PROMPT:
Keep every line of the data below that has the string "Stockfoto" and present those lines.

DATA IN THIS EXERCISE: Begin

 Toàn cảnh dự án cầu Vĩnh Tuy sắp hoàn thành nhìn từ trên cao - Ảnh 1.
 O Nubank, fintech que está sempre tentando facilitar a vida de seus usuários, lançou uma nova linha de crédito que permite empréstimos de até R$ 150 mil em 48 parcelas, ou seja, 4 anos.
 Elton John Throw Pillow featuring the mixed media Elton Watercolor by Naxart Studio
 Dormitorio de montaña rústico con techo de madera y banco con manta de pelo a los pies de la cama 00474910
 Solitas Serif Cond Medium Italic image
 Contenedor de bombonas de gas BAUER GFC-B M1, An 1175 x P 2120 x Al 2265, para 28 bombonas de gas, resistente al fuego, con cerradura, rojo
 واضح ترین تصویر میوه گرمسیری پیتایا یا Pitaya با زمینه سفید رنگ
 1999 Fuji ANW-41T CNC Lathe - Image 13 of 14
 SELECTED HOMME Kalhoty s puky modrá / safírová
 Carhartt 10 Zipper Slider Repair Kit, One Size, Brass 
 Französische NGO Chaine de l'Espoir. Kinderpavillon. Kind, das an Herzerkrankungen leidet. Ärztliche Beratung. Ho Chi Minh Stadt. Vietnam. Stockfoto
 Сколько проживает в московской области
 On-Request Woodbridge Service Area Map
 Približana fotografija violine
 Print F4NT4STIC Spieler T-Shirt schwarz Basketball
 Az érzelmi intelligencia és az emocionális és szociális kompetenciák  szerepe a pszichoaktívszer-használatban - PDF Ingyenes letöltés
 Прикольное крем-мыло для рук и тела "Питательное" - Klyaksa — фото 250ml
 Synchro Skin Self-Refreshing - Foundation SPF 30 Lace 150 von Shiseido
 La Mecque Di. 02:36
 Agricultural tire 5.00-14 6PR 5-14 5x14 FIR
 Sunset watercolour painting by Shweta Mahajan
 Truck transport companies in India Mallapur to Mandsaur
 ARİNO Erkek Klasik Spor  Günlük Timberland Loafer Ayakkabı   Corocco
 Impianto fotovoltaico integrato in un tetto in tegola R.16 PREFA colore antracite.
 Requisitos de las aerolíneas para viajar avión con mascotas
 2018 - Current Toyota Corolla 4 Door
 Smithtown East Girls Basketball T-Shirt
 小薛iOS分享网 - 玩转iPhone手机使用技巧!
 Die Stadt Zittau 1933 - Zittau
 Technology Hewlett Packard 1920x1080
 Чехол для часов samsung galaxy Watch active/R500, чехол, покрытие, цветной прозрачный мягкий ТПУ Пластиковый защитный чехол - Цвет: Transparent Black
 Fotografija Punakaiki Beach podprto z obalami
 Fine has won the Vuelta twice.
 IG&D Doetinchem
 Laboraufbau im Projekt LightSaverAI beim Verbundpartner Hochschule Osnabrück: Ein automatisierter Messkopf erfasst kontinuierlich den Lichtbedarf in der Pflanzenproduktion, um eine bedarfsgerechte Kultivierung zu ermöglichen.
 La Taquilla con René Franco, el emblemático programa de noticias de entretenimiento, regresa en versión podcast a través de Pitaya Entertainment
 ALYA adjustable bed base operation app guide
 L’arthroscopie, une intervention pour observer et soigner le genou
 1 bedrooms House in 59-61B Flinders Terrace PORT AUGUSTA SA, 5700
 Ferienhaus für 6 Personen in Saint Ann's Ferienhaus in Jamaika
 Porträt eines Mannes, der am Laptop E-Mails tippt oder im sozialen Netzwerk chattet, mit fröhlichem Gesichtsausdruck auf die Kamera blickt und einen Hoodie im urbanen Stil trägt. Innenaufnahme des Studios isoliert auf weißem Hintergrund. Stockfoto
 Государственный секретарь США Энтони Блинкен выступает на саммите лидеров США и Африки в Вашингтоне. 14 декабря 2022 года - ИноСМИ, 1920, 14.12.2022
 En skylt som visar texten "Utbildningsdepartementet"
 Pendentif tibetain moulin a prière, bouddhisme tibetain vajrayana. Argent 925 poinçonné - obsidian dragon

DATA IN THIS EXERCISE: End

ANSWER TO THE PROBLEM:
 Französische NGO Chaine de l'Espoir. Kinderpavillon. Kind, das an Herzerkrankungen leidet. Ärztliche Beratung. Ho Chi Minh Stadt. Vietnam. Stockfoto
 Porträt eines Mannes, der am Laptop E-Mails tippt oder im sozialen Netzwerk chattet, mit fröhlichem Gesichtsausdruck auf die Kamera blickt und einen Hoodie im urbanen Stil trägt. Innenaufnahme des Studios isoliert auf weißem Hintergrund. Stockfoto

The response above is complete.